With technologic advances such as locked periarticular plating, hemiarthroplasty of the humeral head, and more recently reverse total shoulder replacement, surgical treatment of proximal humerus fractures has become more commonplace. However, there is insufficient information regarding patient outcomes after surgery, such as the frequency of unplanned hospital readmissions and factors contributing to readmission.


We measured (1) the frequency of unplanned hospital readmissions after surgical treatment of proximal humerus fractures, (2) the medical and surgical causes of readmission, and (3) the risk factors associated with unplanned readmissions.
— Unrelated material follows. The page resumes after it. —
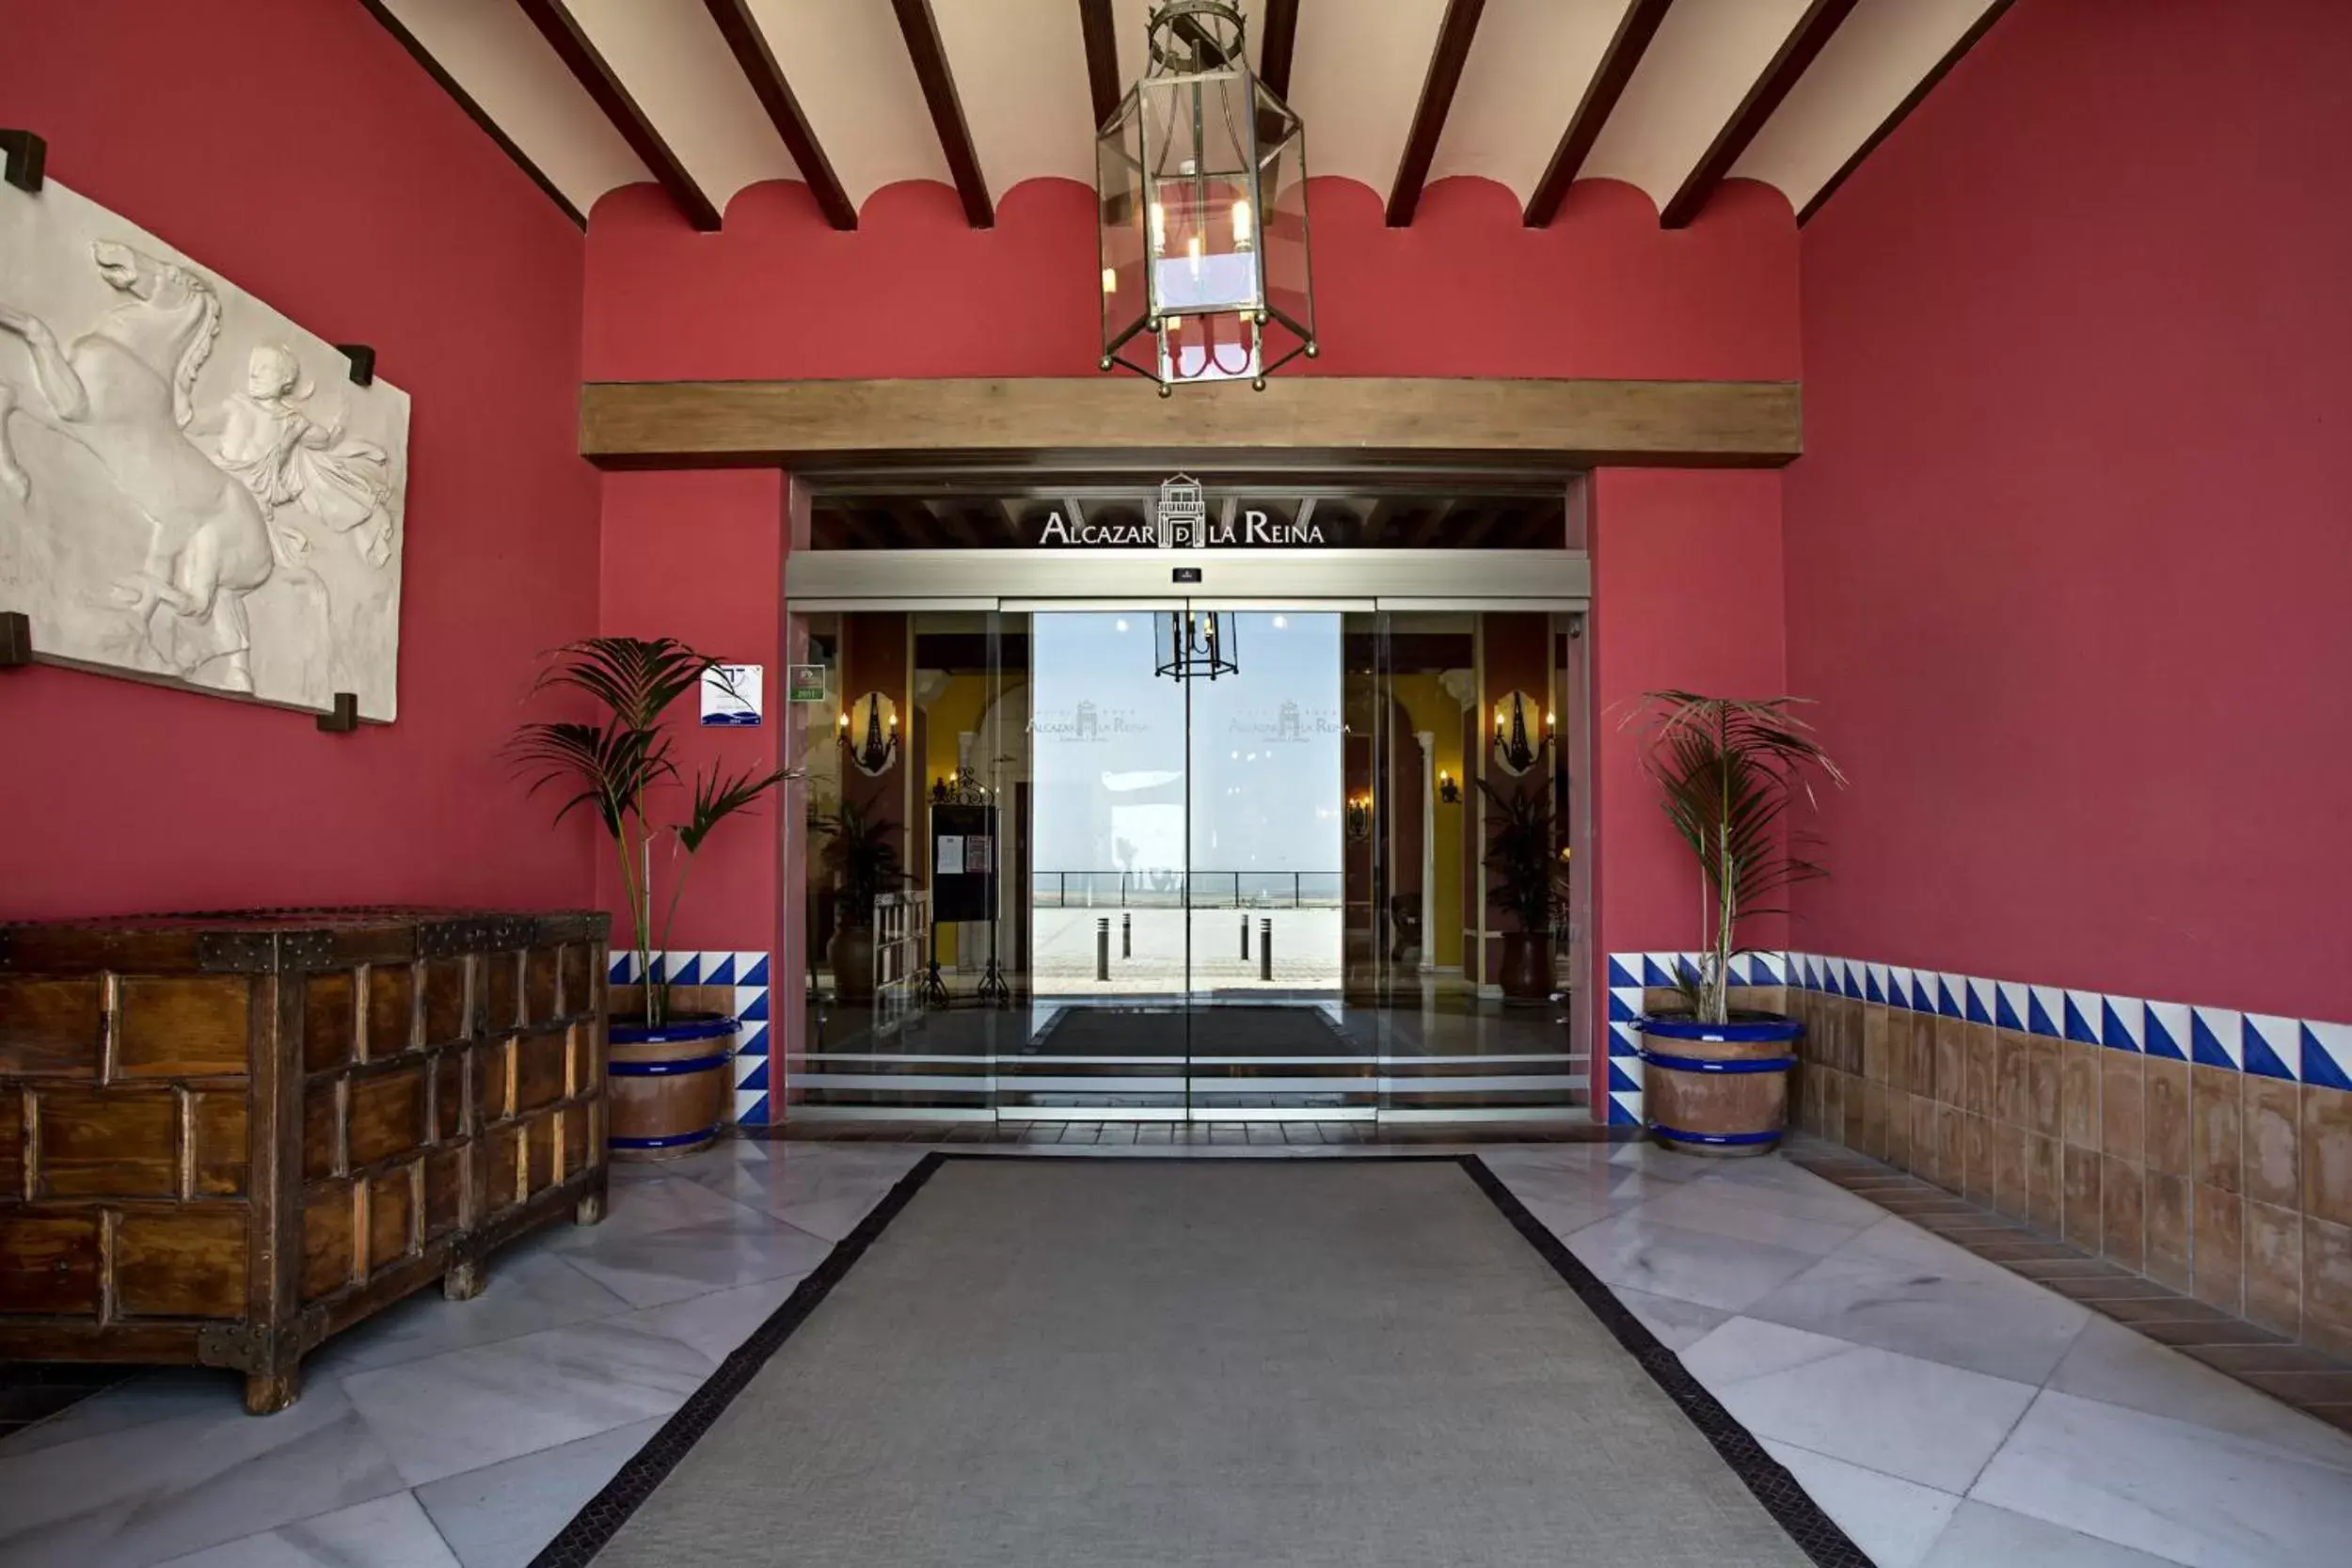 Facade/entrance in Hotel Alcázar de la Reina

The State Inpatient Database from seven different states was used to identify patients who underwent treatment for a proximal humerus fracture with open reduction and internal fixation (ORIF), hemiarthroplasty of the humeral head, or reverse total shoulder arthroplasty from 2005 through 2010. The database was used to measure the 30-day and 90-day readmission rates and identify causes and risk factors for readmission. Multivariate modeling and a Cox proportional hazards model were used for statistical analysis.


A total of 27,017 patients were included with an overall 90-day readmission rate of 14% (15% for treatment with ORIF, 15% for reverse total shoulder arthroplasty, and 13% for hemiarthroplasty). The majority of readmissions were associated with medical diagnoses (75%), but treatment with ORIF was associated with the most readmissions from surgical complications, (29%) followed by reverse total shoulder arthroplasty (20%) and hemiarthroplasty (16%) (p < 0.001). Risk of readmission was greater for patients who were female, African American, discharged to a nursing facility, or had Medicaid insurance.


As the majority of unplanned hospital readmissions were associated with medical diagnoses, it is important to consider patient medical comorbidities before surgical treatment of proximal humerus fractures and during the postoperative care phase.

Level of evidence

Level III, therapeutic study. See the Instructions for Authors for a complete description of levels of evidence.